:: Records shown ::

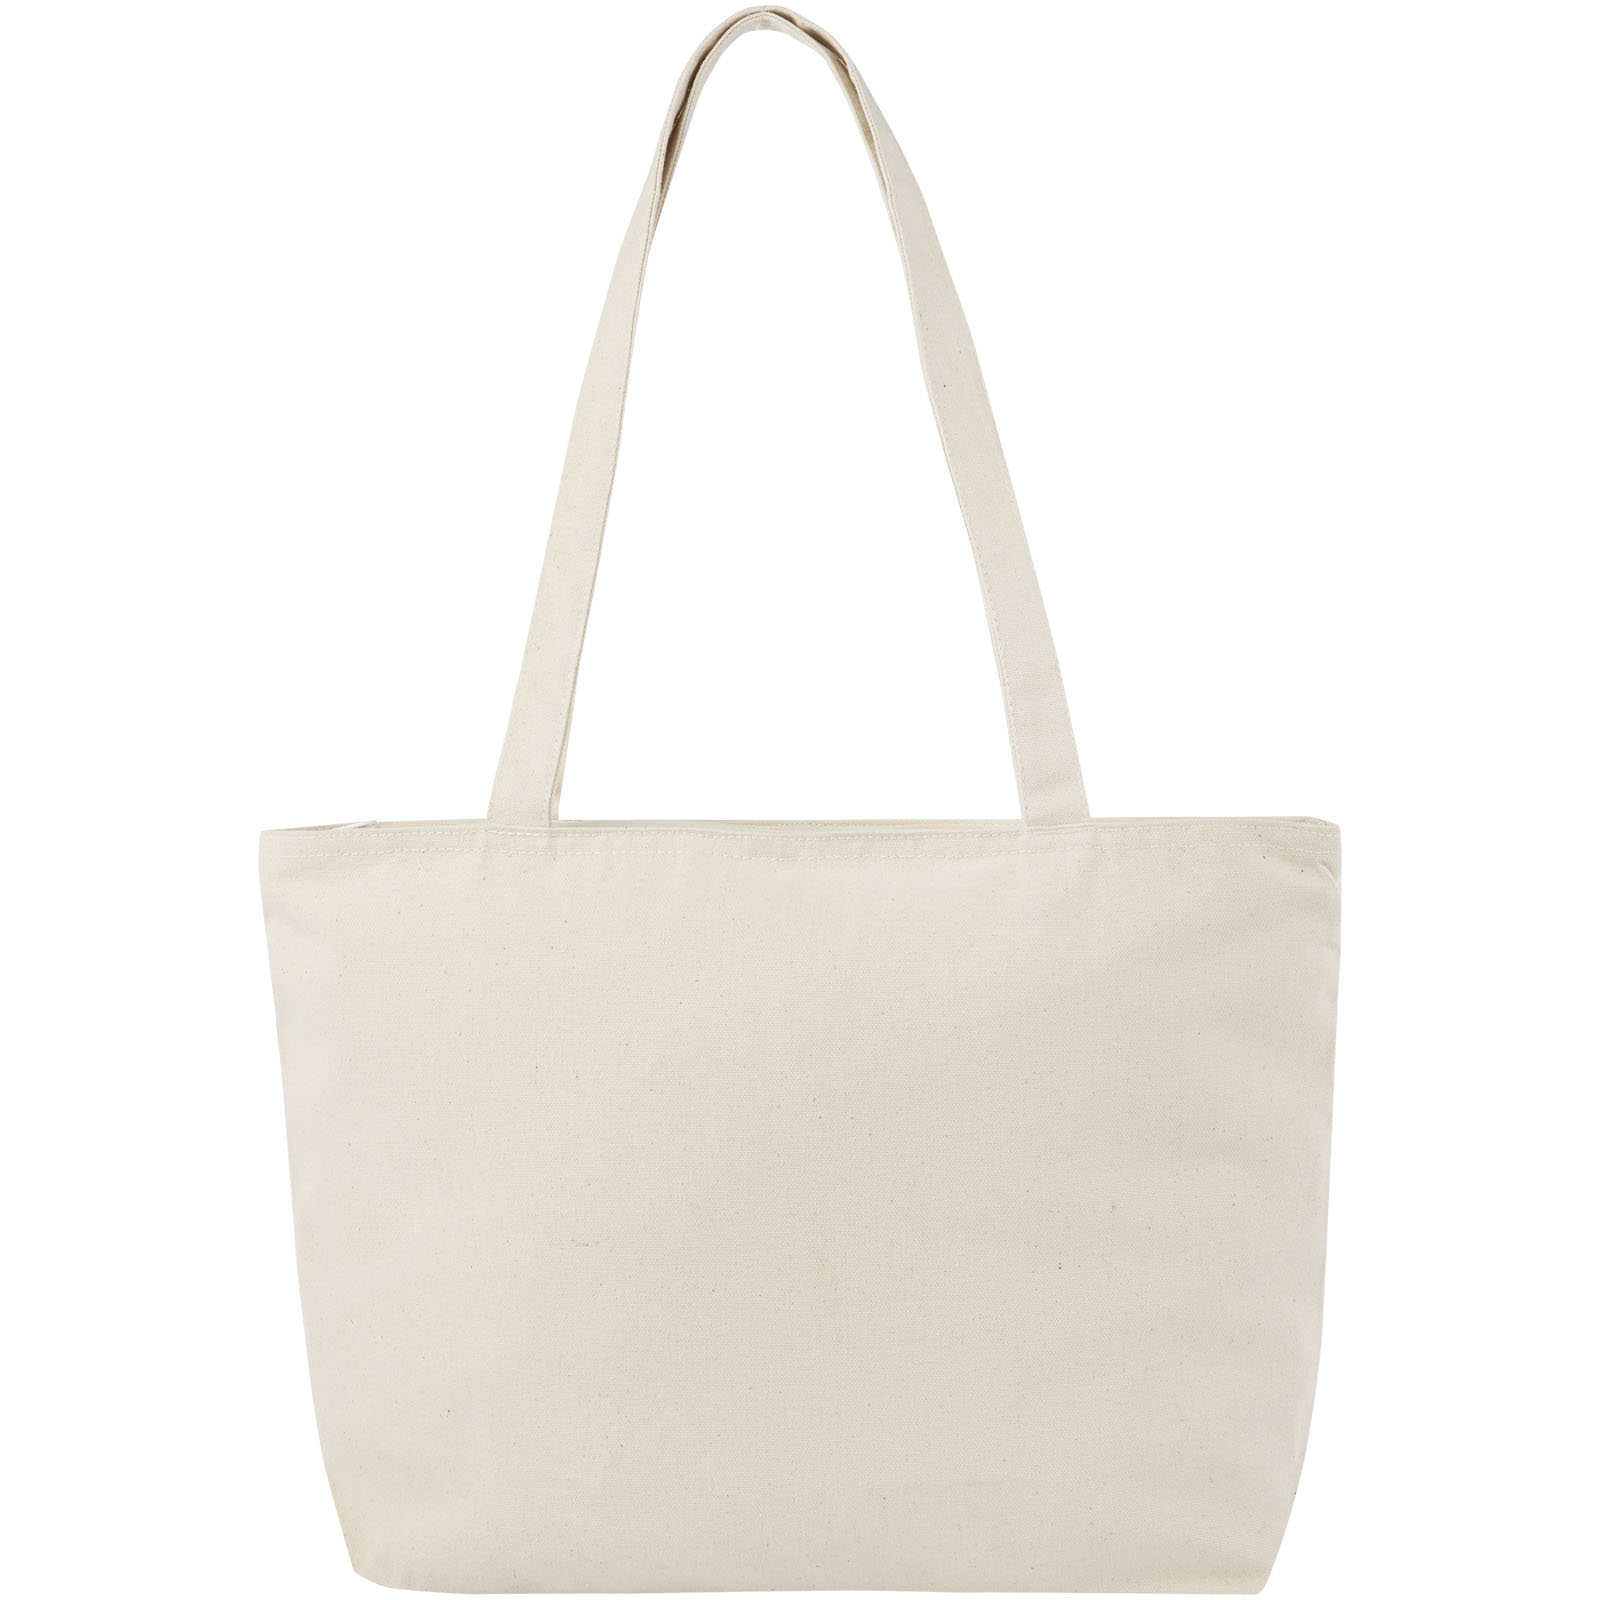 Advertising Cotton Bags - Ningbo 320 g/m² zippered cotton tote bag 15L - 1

:::
:: Records shown ::

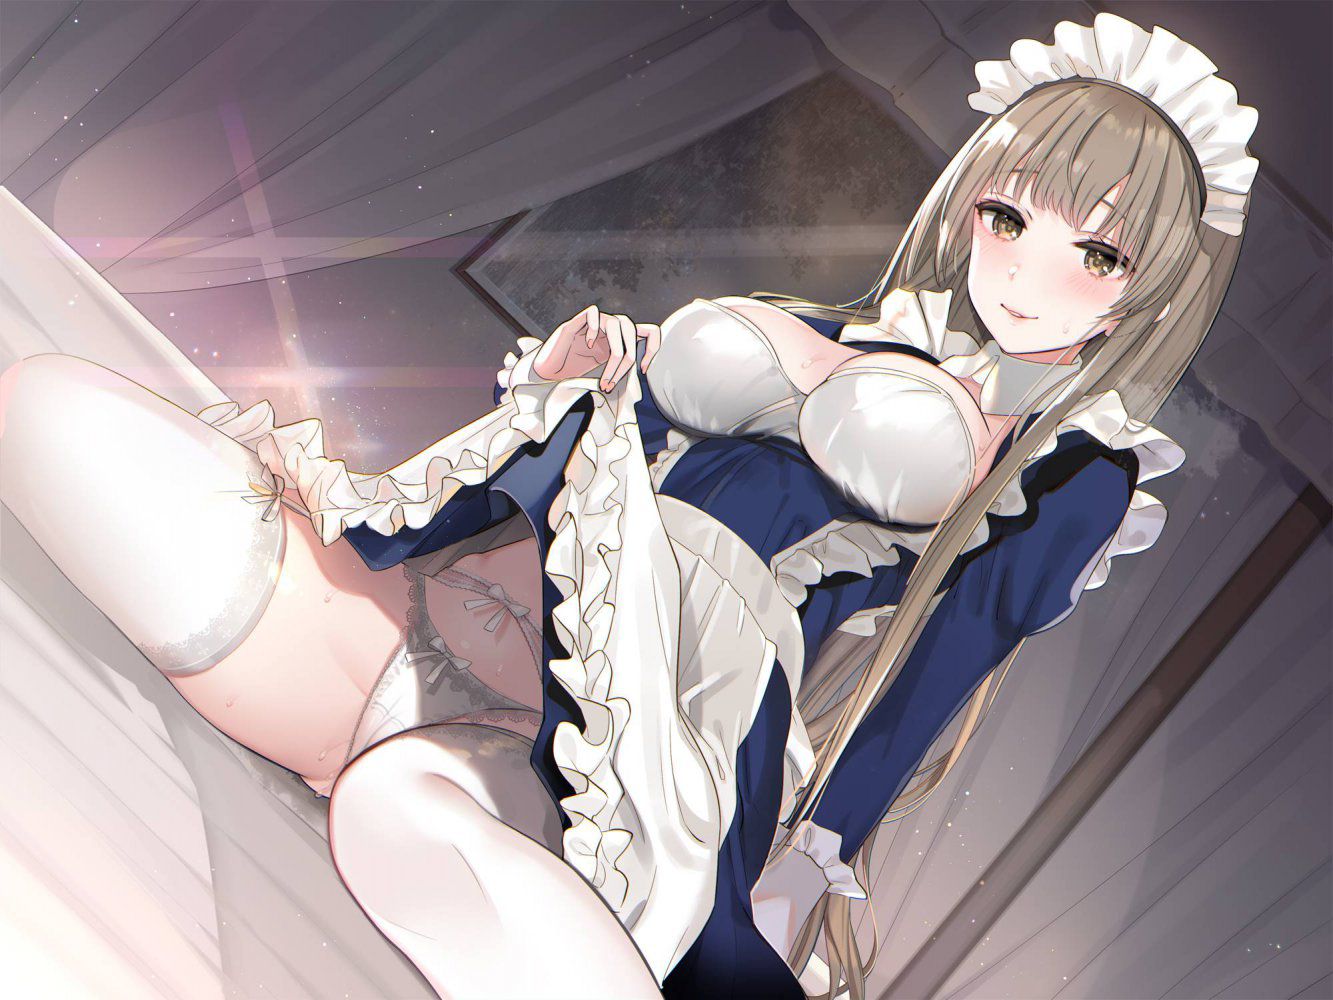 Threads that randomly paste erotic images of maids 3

:::
:: Records shown ::

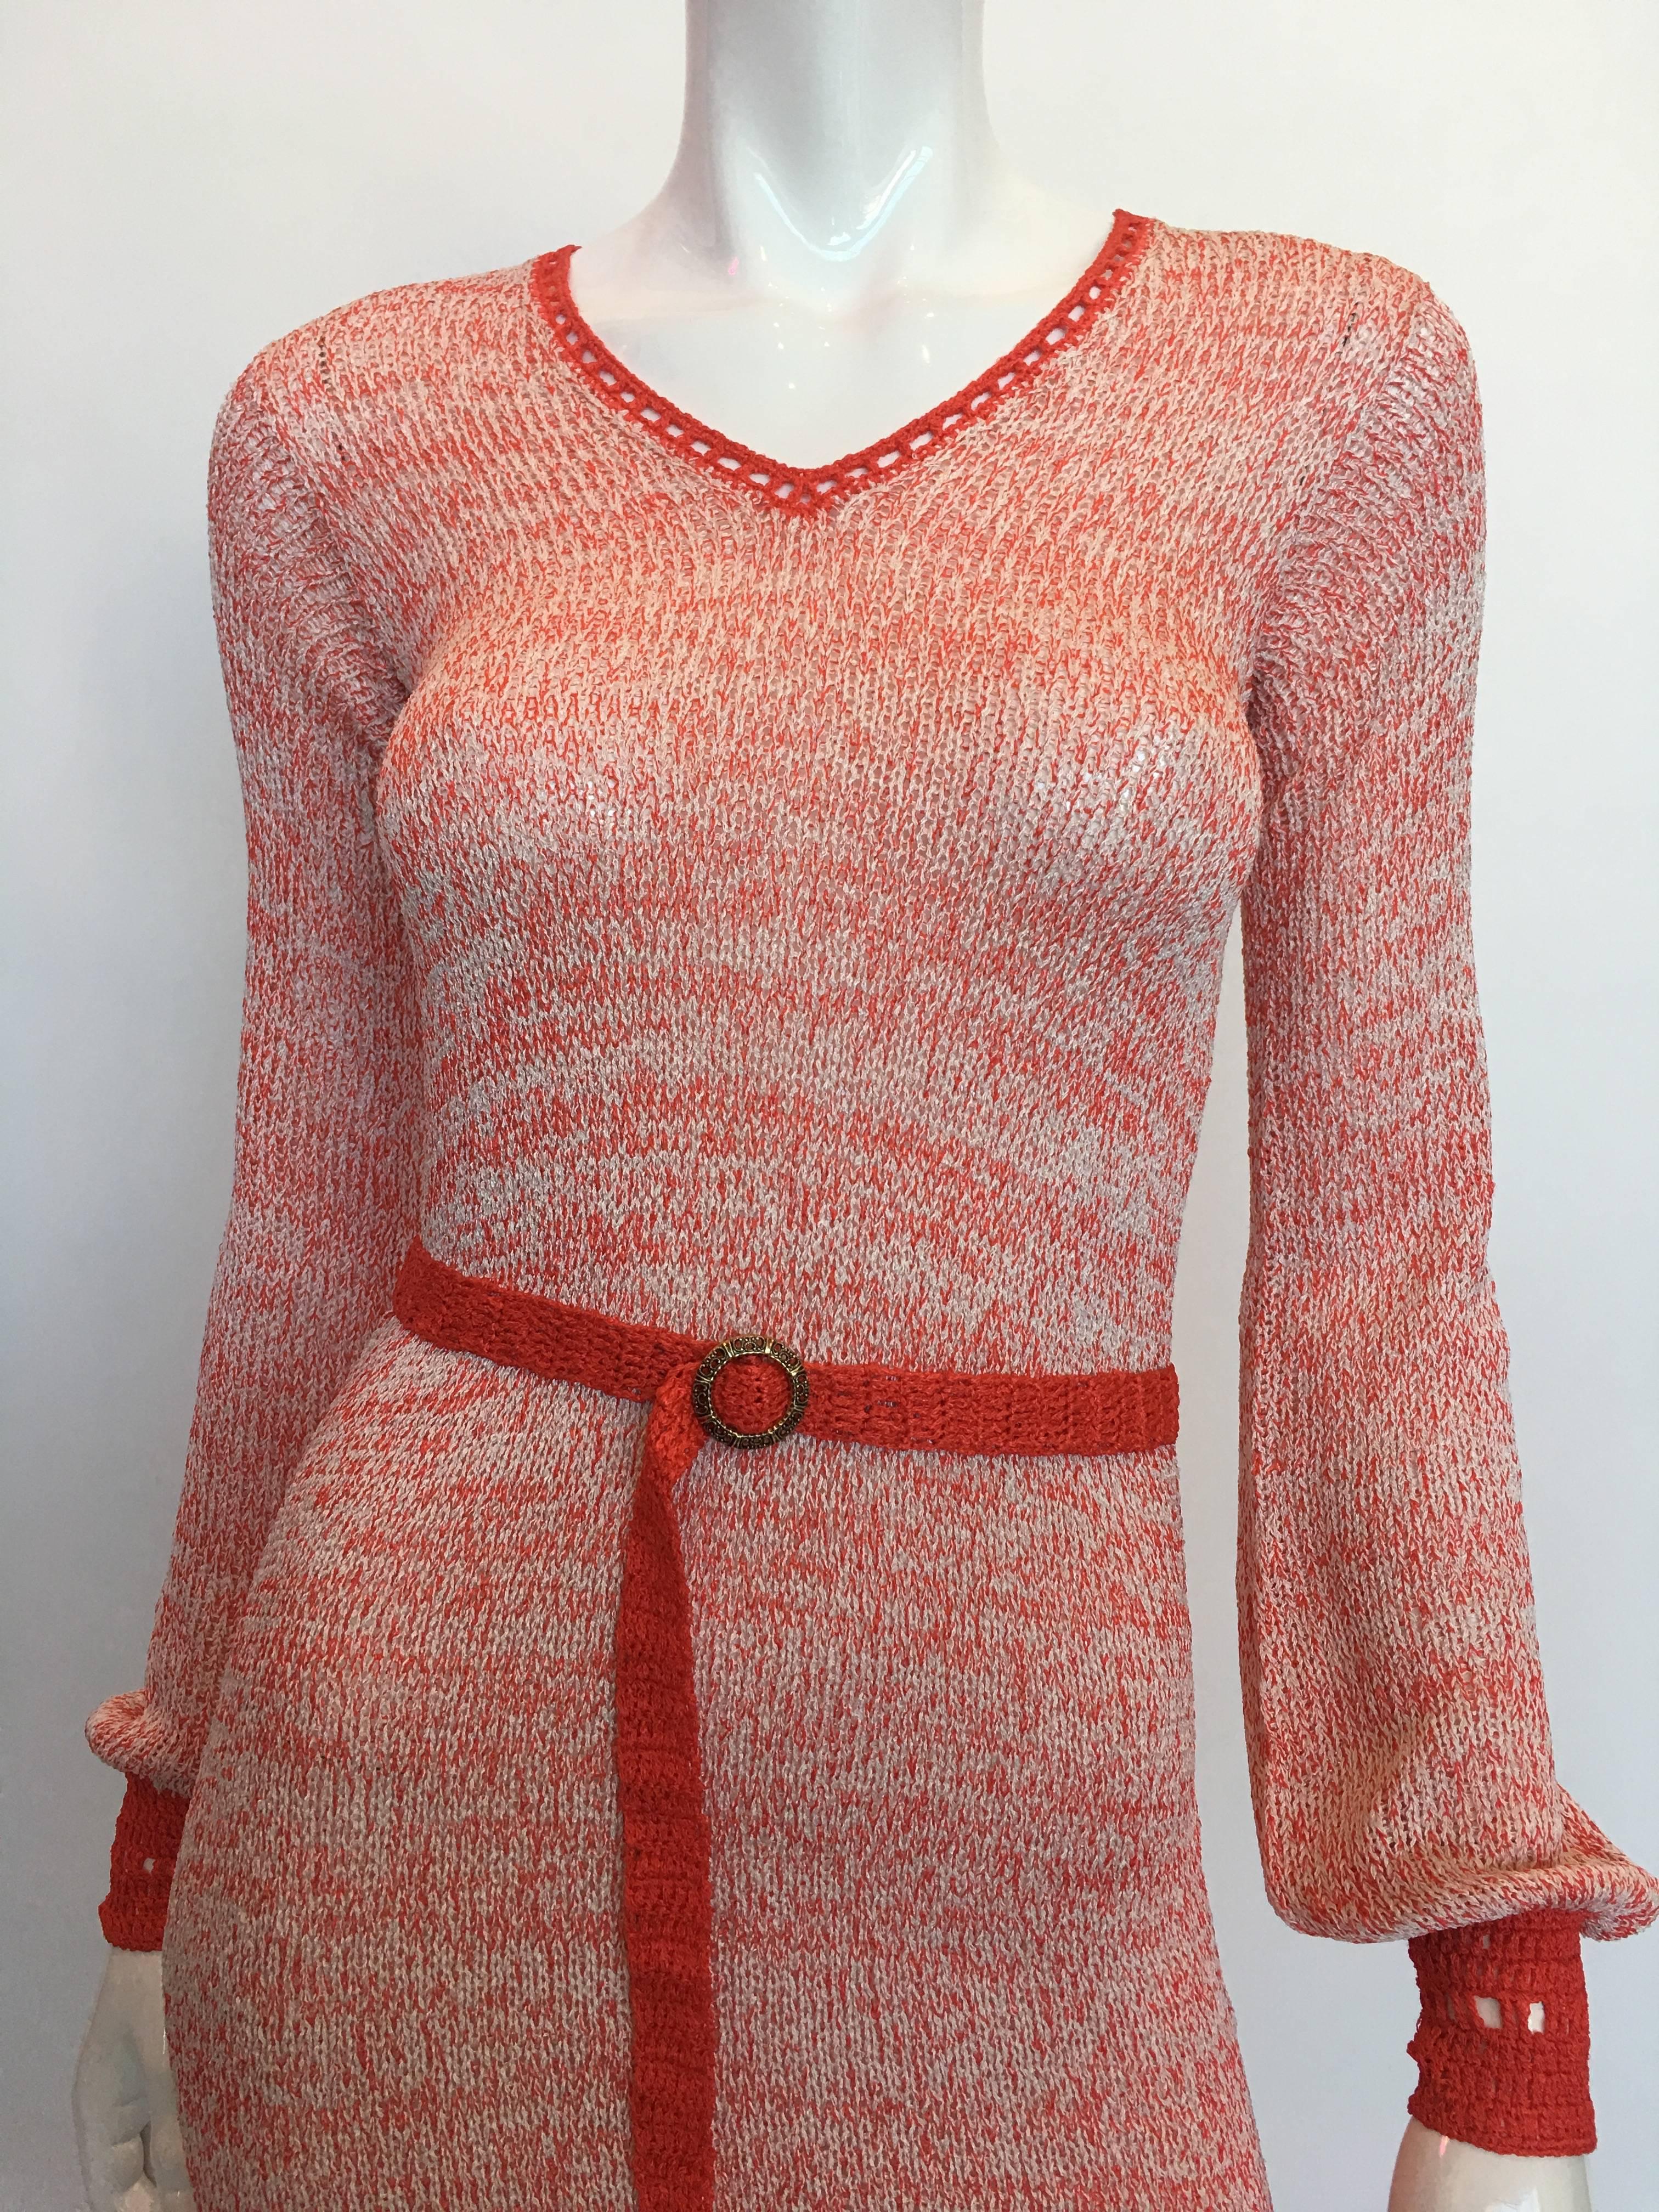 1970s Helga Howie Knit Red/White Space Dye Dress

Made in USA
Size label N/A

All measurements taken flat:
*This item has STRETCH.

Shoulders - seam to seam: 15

:::

Exercise: Nothing outside the stretch above, from the line with "1970s Helga Howie" through the line with "Shoulders - seam to seam: 15", is set down. Transcribe that stretch exactly, ends included, but not its pictures.

Result:
 1970s Helga Howie Knit Red/White Space Dye Dress

Made in USA
Size label N/A

All measurements taken flat:
*This item has STRETCH.

Shoulders - seam to seam: 15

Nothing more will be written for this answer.